In the MR–MR group, the weekly mean NRS score (mean ± SD) was 6.57 ± 1.32 at baseline, 4.04 ± 2.24 at week 6, 3.16 ± 1.90 at week 18, 2.72 ± 1.85 at week 34, and 2.36 ± 1.86 at week 58 (Fig. 2A, Table S2). The score declined from the initiation of difelikefalin treatment and this decline was maintained until the end of the extension treatment period. The proportion of patients with a 3-point improvement in their NRS score was 34.6% at week 6, 55.3% at week 18, 67.2% at week 34, and 72.4% at week 58 (Fig. 2B), and the proportion of those with a 4-point improvement was 27.2% at week 6, 46.1% at week 18, 49.3% at week 34, and 63.8% at week 58 (Fig. 2C). Itch in nighttime (Fig. 3A), daytime, and the most severe level of daytime or nighttime were improved by difelikefalin (Fig. S1). Among the patients with a baseline weekly mean nighttime Shiratori severity score of ≥ 3 points, the proportion of patients whose scores decreased to 2 points or less was 68.4% at week 6, 76.5% at week 18, 80.0% at week 34, and 92.6% at week 58 (Fig. 3B).
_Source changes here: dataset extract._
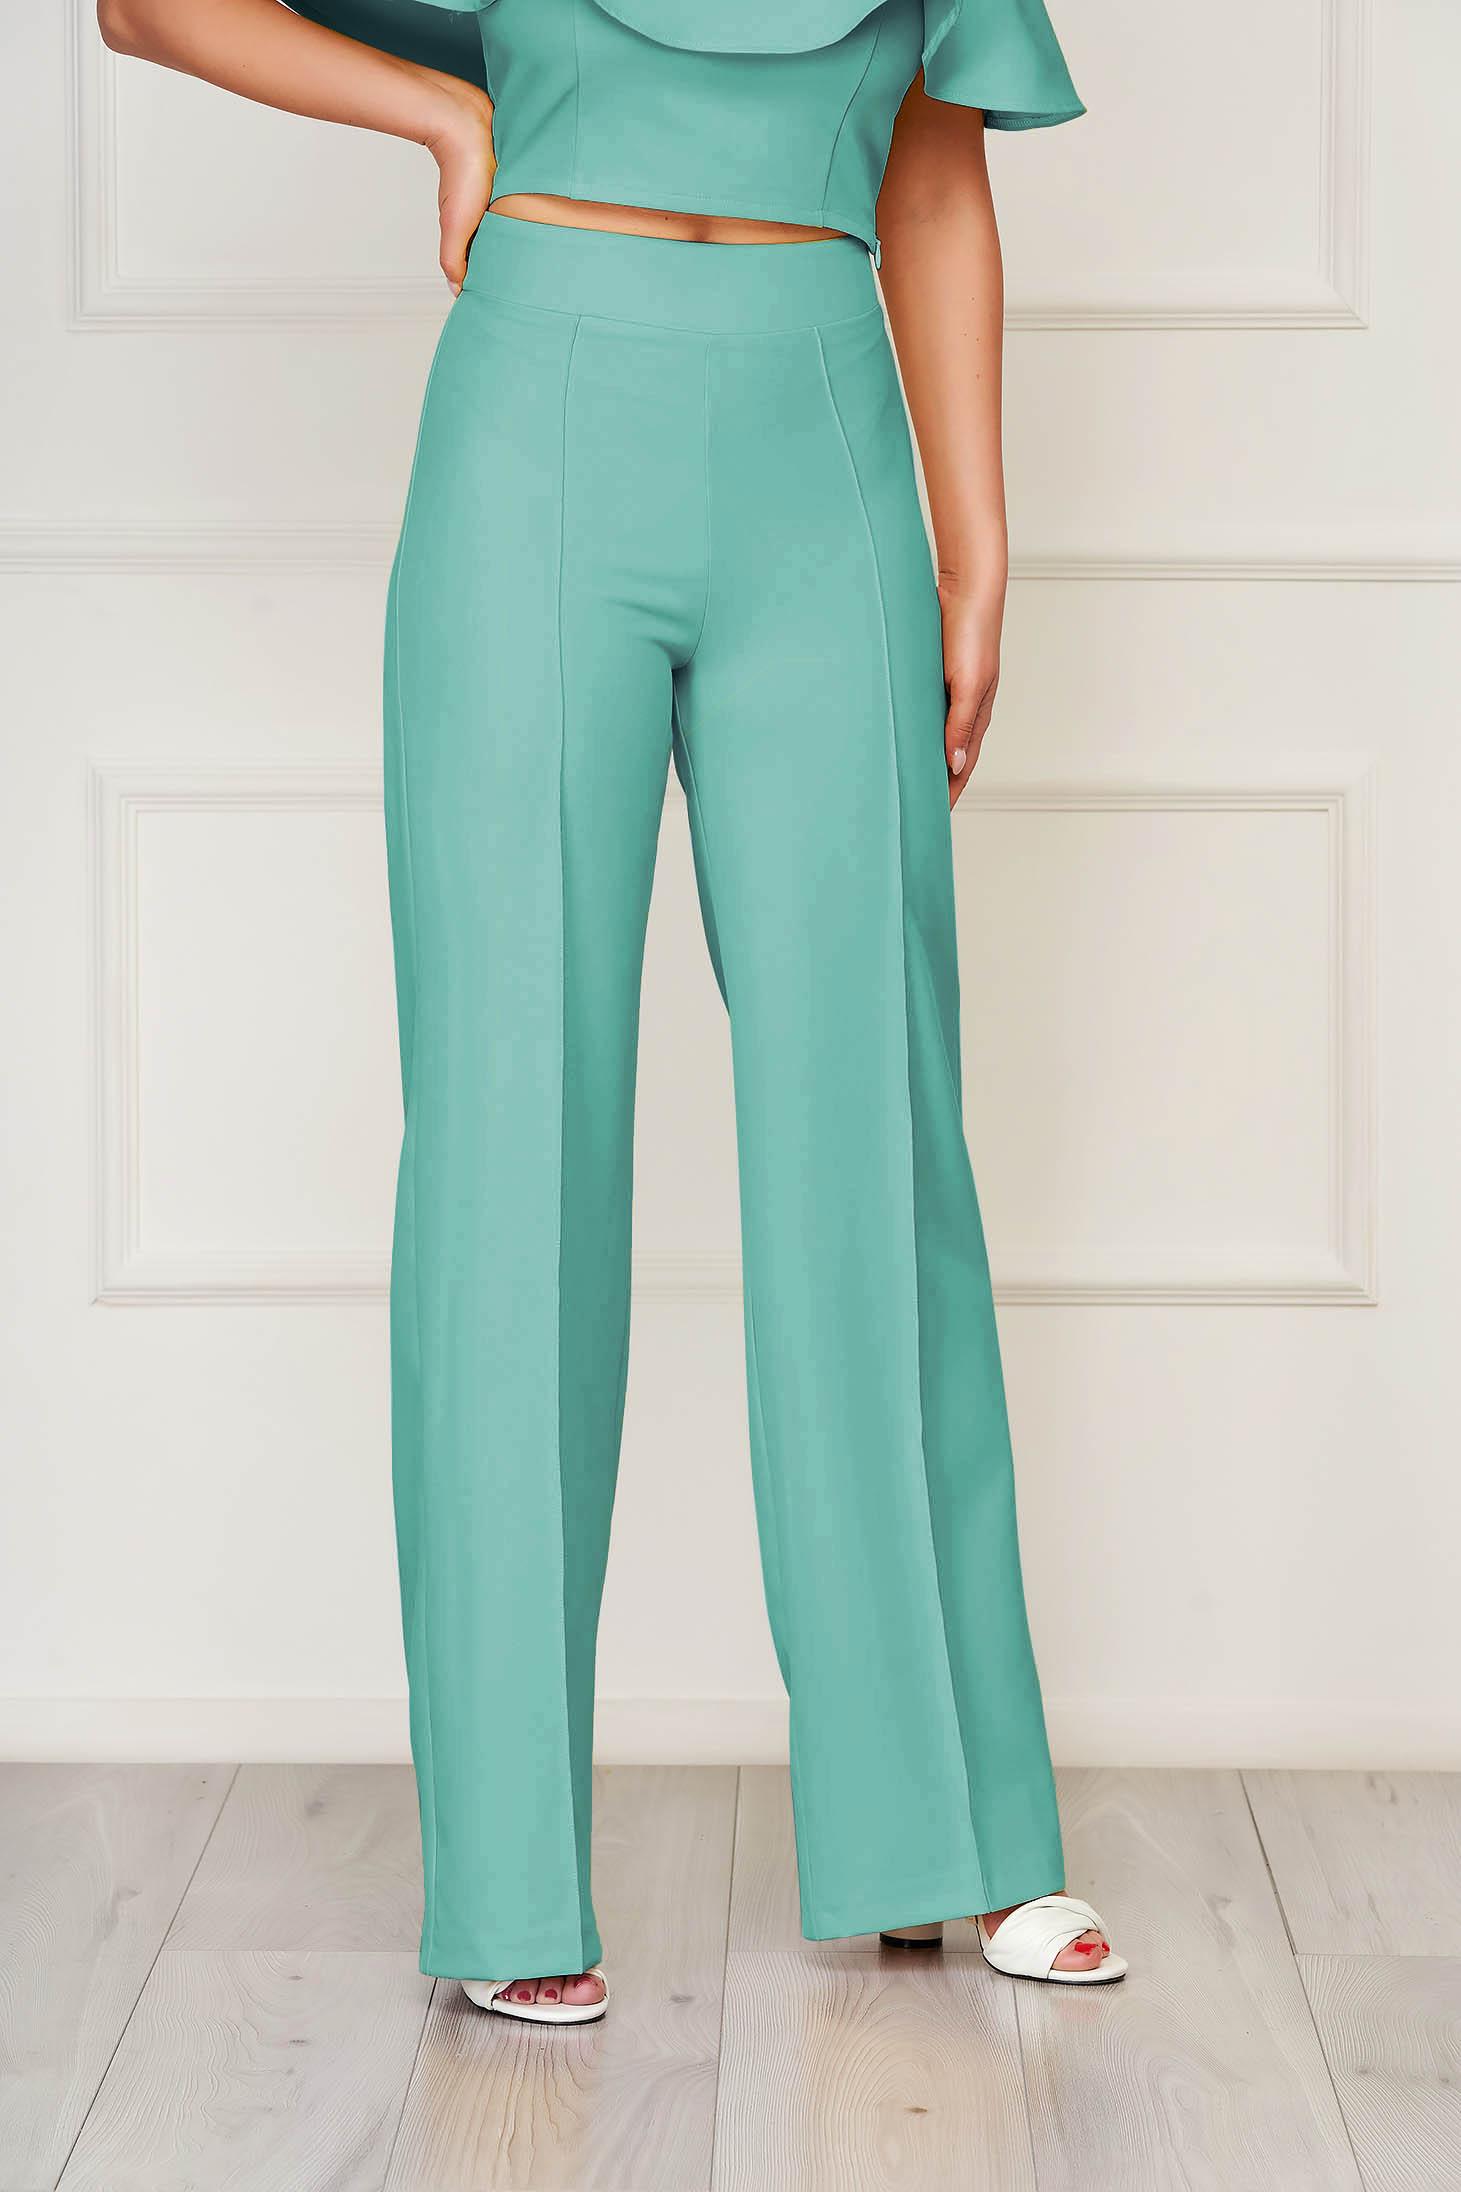 Zöld StarShinerS hosszú bővülő elegáns nadrág szövetből rugalmas anyagból

Similar to the NRS score and Shiratori severity score, the itch-related QOL and PGIC were maintained until week 58. The Skindex-16 overall score was 39.21 ± 17.76 at baseline, 20.86 ± 18.00 at week 4, 15.01 ± 16.20 at week 18, 12.89 ± 13.42 at week 34 and 10.84 ± 14.40 at week 58 (Fig. S2). The 5-D itch scale total score was 15.7 ± 2.9 at baseline, 11.1 ± 3.0 at week 4, 10.5 ± 2.9 at week 18, 10.4 ± 2.9 at week 34, and 9.8 ± 3.1 at week 58. (Fig. S3). Improvement on the PGIC continued after the extension treatment period began, and the proportion of patients whose global improvement was “much improved” or “very much improved” was 32.8% and 20.9% at week 34, and 29.7% and 29.7% at week 58, respectively (Table S3).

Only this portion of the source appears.